Local economies are direct beneficiaries when Main Street shops revitalize neighborhoods that might have seen their better days. However, banking practices have profoundly abandoned the private sector especially since the financial collapse of 2007. Overcoming this hardship is crucial for the health of the entire nation. All consumers have a stake in rectifying this liquidity starving that adversely effects the engine of commerce.

The Multiplier Effect of Local Independent Businesses provides the argument for the substance that produces the real economy.

Clearly communicating the importance of the local economic multiplier effect or “local premium” is a key part of effective “buy local” and public education campaigns. The multiplier results from the fact that independent locally-owned businesses recirculate a far greater percentage of revenue locally compared to absentee-owned businesses (or locally-owned franchises*). In other words, going local creates more local wealth and jobs.

The multiplier is comprised of three elements — the direct, indirect, and induced impacts.

  • ·          Direct impact is spending done by a business in the local economy to operate the business, including inventory, utilities, equipment and pay to employees.
  • ·          Indirect impact happens as dollars the local business spent at other area businesses re-circulate.
  • ·          Induced impact refers to the additional consumer spending that happens as employees, business owners and others spend their income in the local economy.

Those who shy away from creating an employee based operation, may lean towards a self-employed business as a sole-proprietorship. 50 Small Businesses You Can Start on Your Own might provide some ideas. The limits in this method is that one can only go so far without expanding and adding a labor staff. While a society may offer opportunities on the edges, a serious small business environment must be founded upon an interaction with complementary enterprises.

The goal of a working economy is to grow the prosperity of a region where money changes hands. While not all needs can be satisfied within your own communities, the objective is to increase the standard of living to be able to afford the disposable income for such purchases.

No doubt there is a valid place and role for corporations to fill this vacuum. Still, the basic security of a full employment economy is best achieved when small businesses are strong and profitable ventures. So how do the participants in the National Federation of Independent Business view their confidence in the current business conditions? SMALL BUSINESS OPTIMISM REACHES 16TH CONSECUTIVE MONTH OF HISTORICALLY HIGH READINGS is most encouraging.

“The small business optimism index reached its 16th consecutive month in the top five percent of 45 years of survey readings, according to the NFIB Small Business Economic Trends survey, released today. The 104.7 March reading, down from 107.6 in February, remains among the highest in survey history and for the first time since 1982, taxes received the fewest number of votes as the number one problem. Taxes as the number one problem has declined since November 2017, the month before the tax bill passed, from 22 percent to 13 percent in March.

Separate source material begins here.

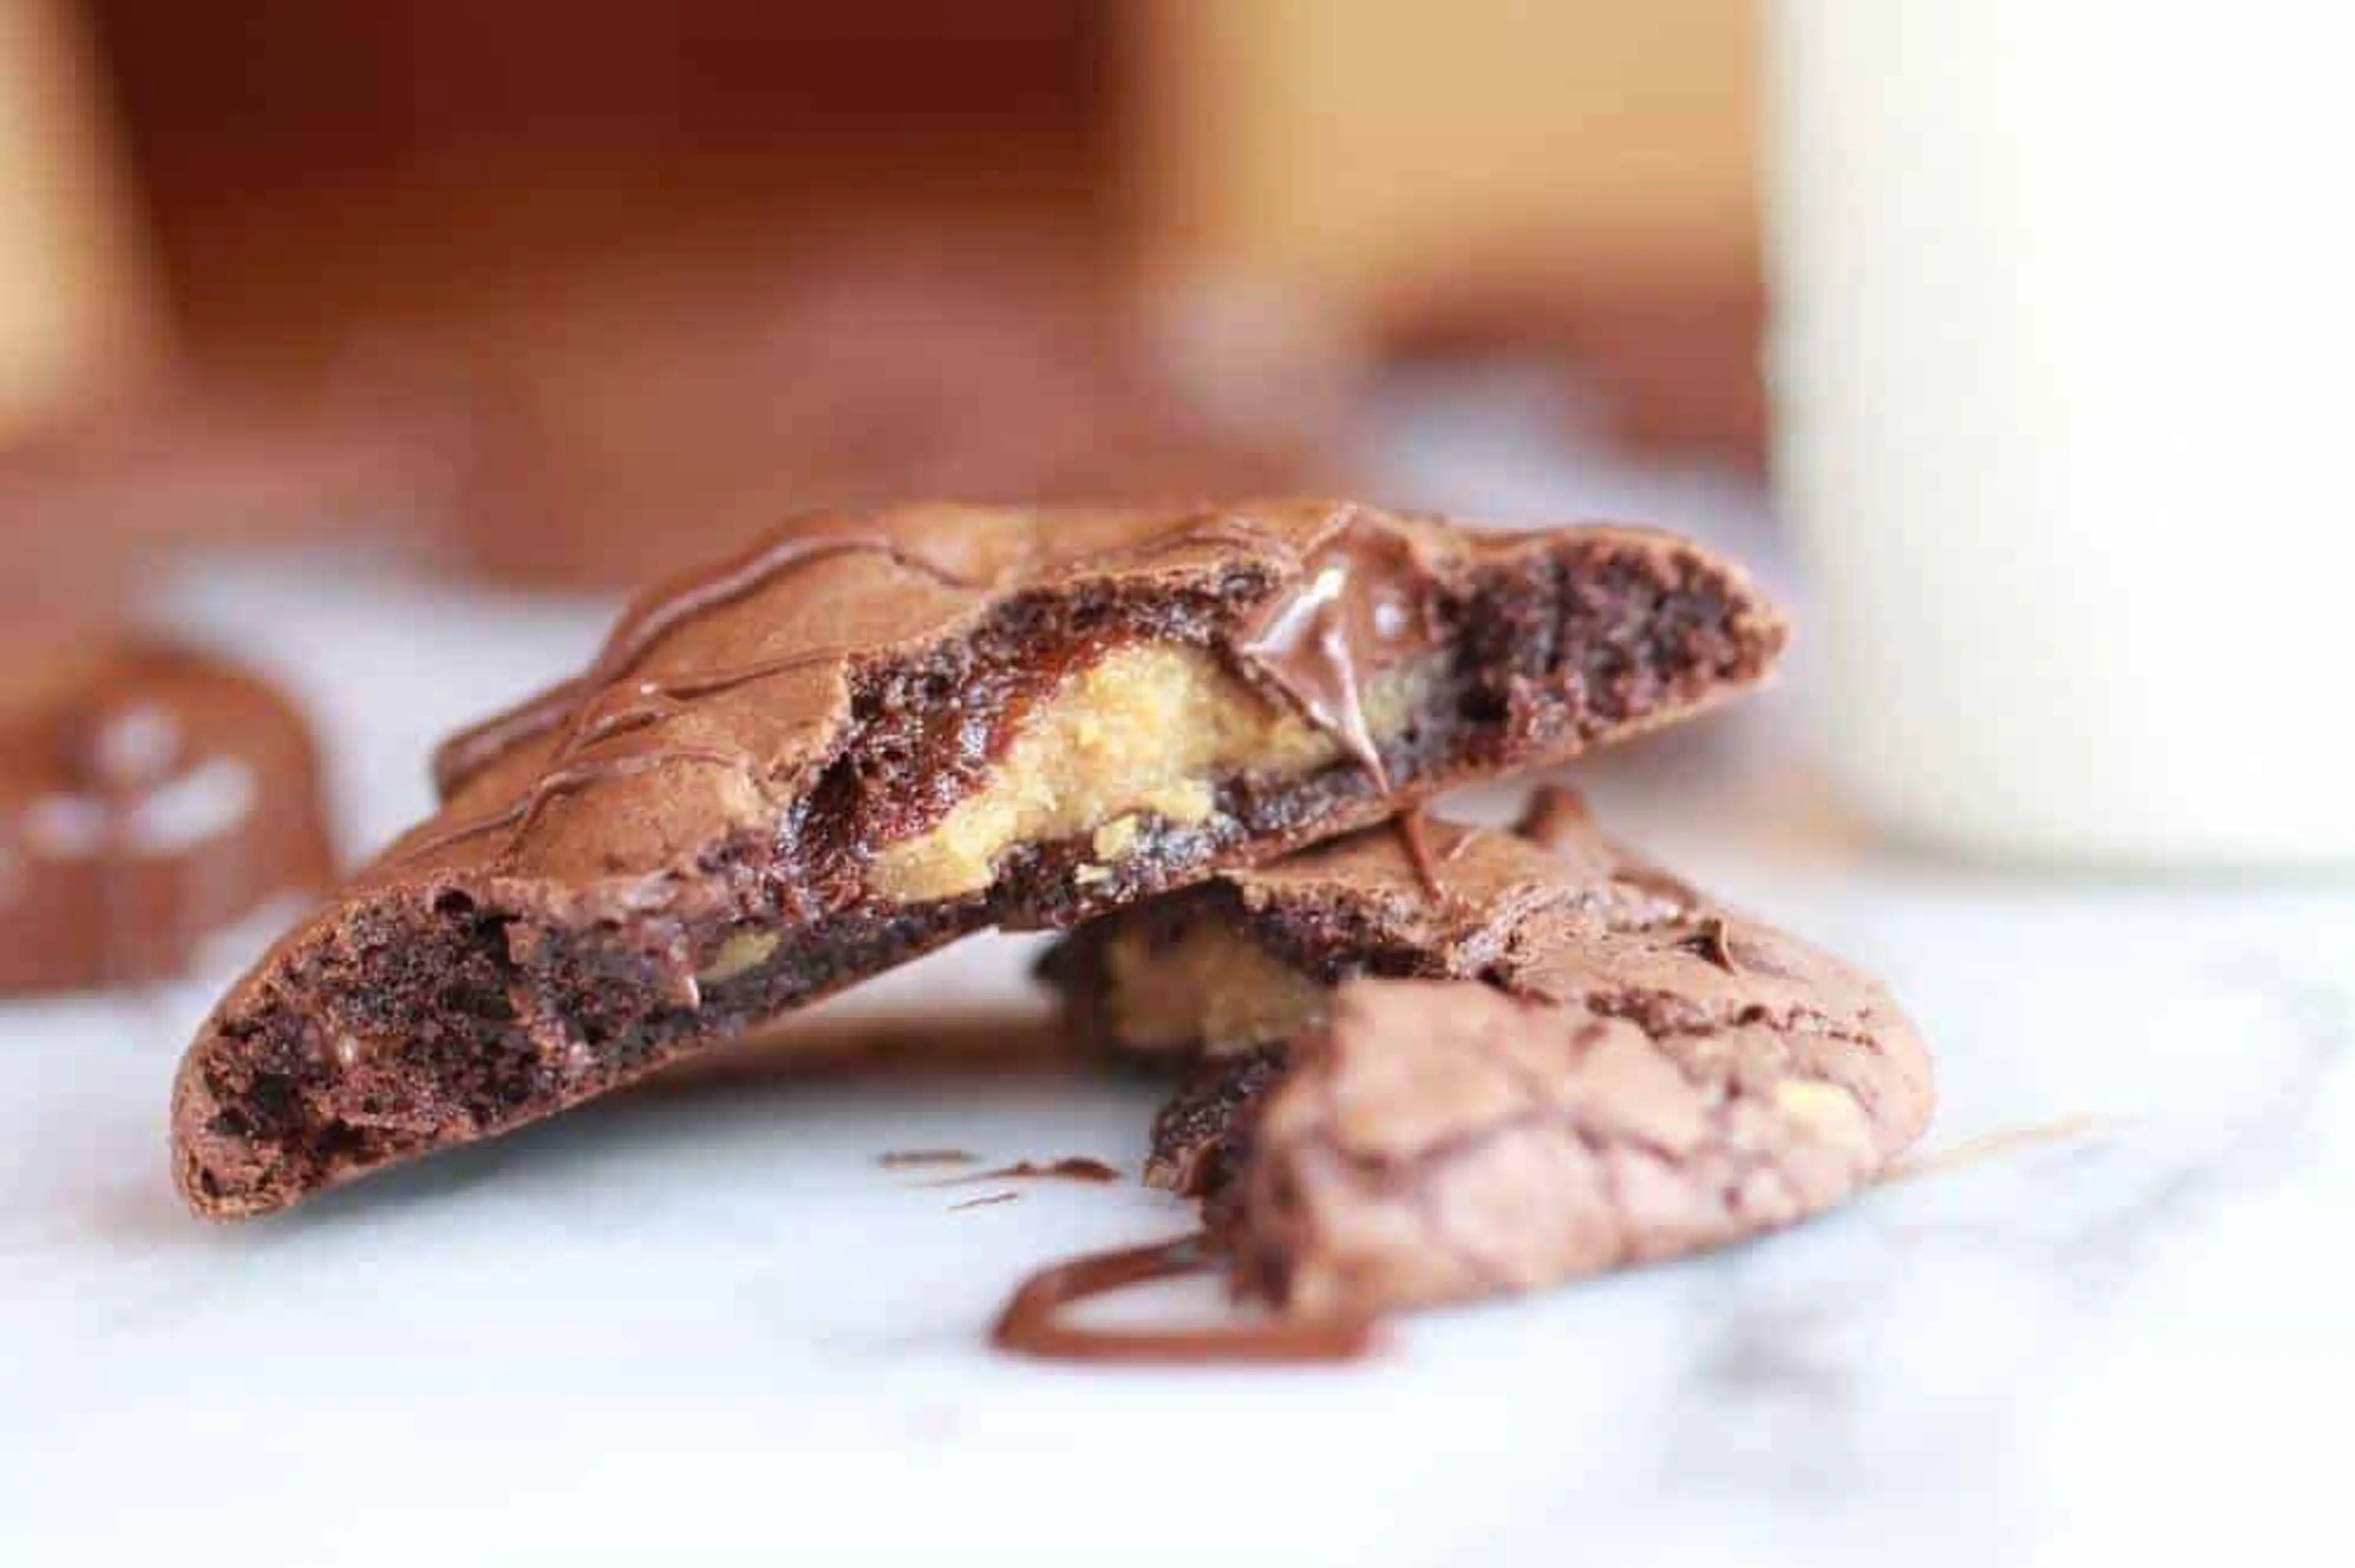 Double Chocolate Truffle Cookies stuffed with Peanut Butter

“It has been a remarkable 16 months for small business optimism,” said NFIB President and CEO Juanita Duggan. “This is the first time in 35 years where the fewest number of small business owners have told us that taxes are their number one business problem. They’ve been so optimistic that they feel confident enough to raise wages and invest in their business, which grows the economy.”

Hey, just maybe the good times are here on Main Street.